As the answer, set down the lines below from the one containing "Wholistic Aromatics Institute" through the one containing "A început demolarea", exactly and inclusively, and no others.

> DATA FOR THE TASK
----------------------------------------

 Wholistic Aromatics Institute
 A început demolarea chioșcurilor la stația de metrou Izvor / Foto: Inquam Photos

----------------------------------------

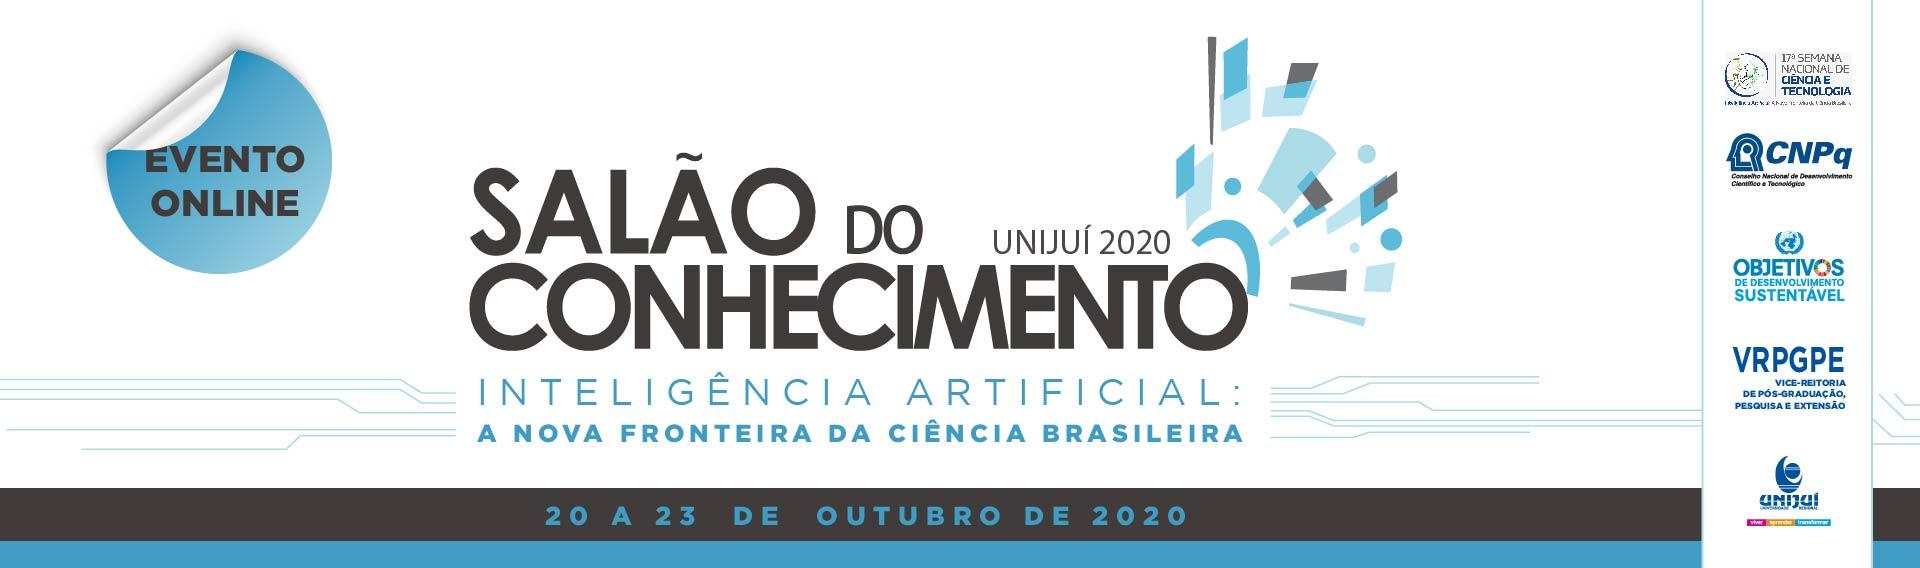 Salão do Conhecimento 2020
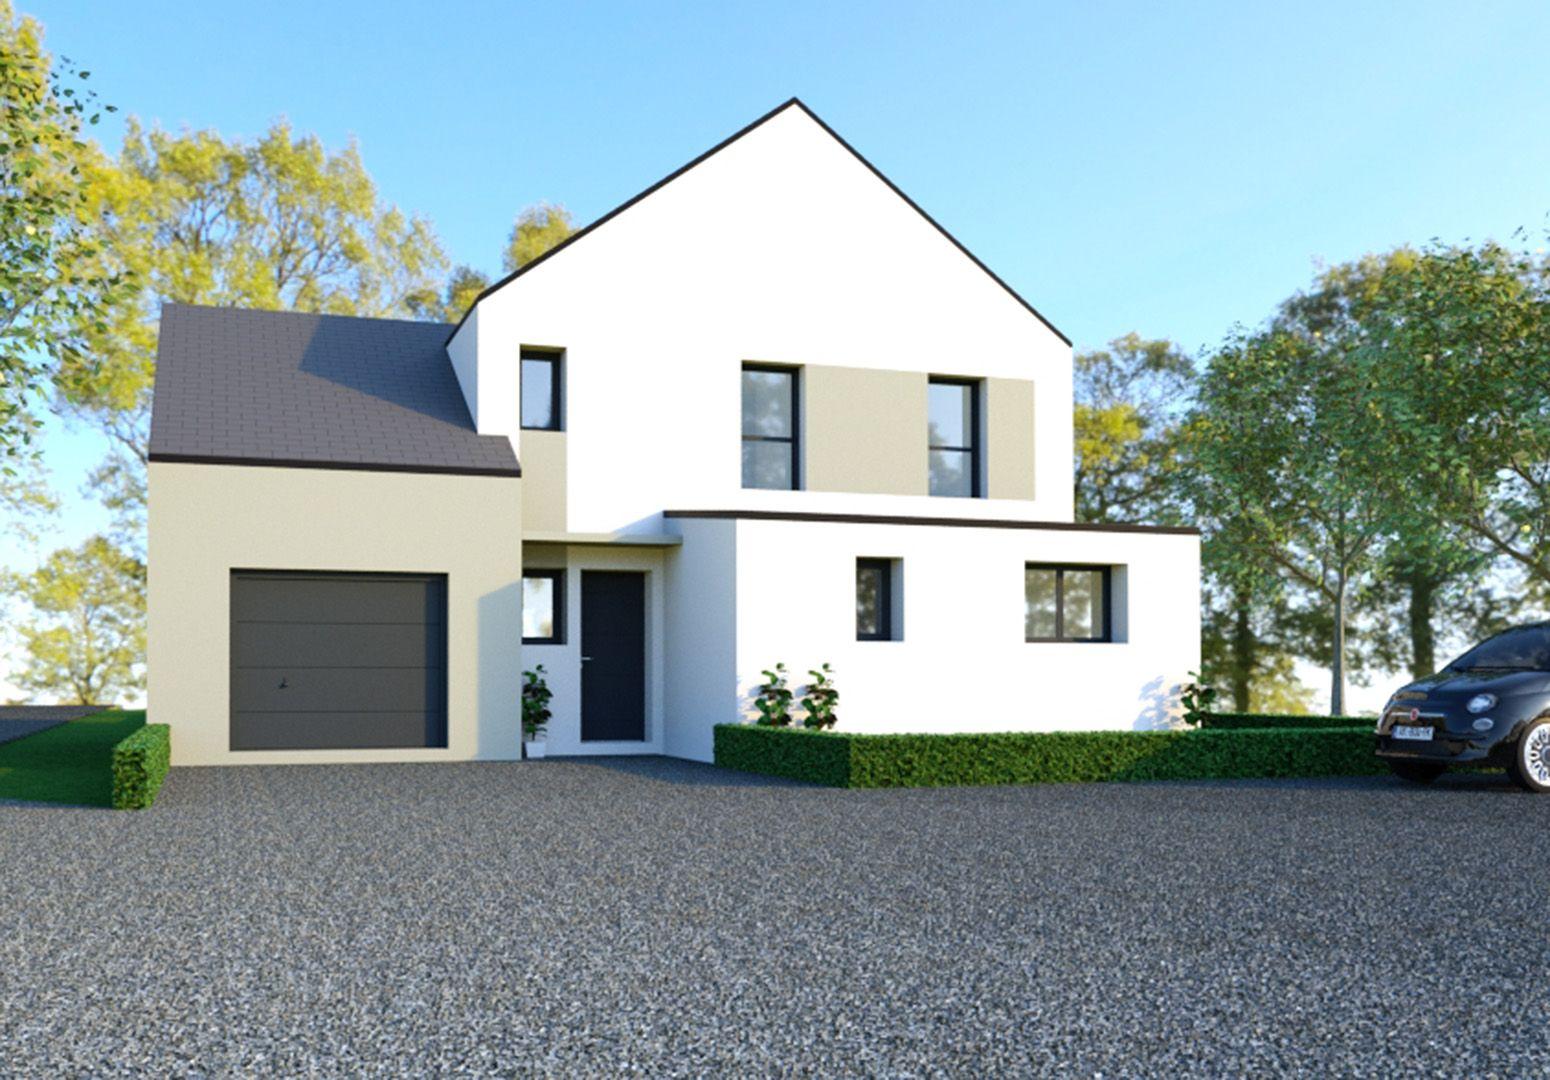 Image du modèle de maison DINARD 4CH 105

----------------------------------------

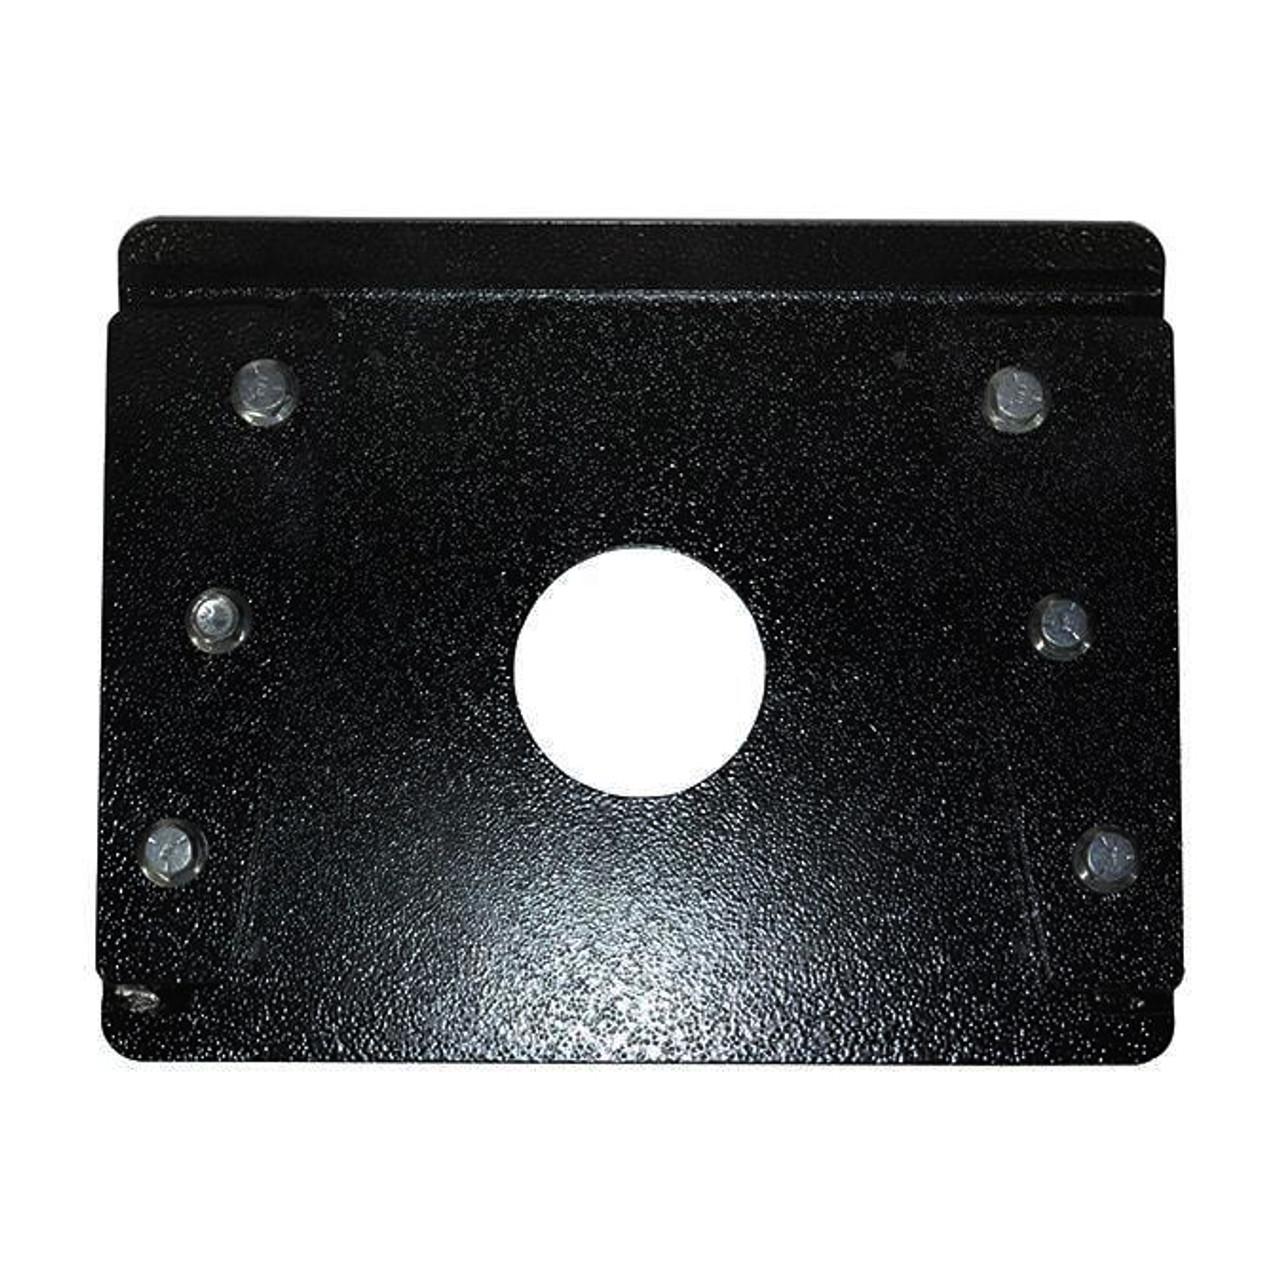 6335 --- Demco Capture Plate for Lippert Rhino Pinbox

----------------------------------------

> ANSWER AREA
 Wholistic Aromatics Institute
 A început demolarea chioșcurilor la stația de metrou Izvor / Foto: Inquam Photos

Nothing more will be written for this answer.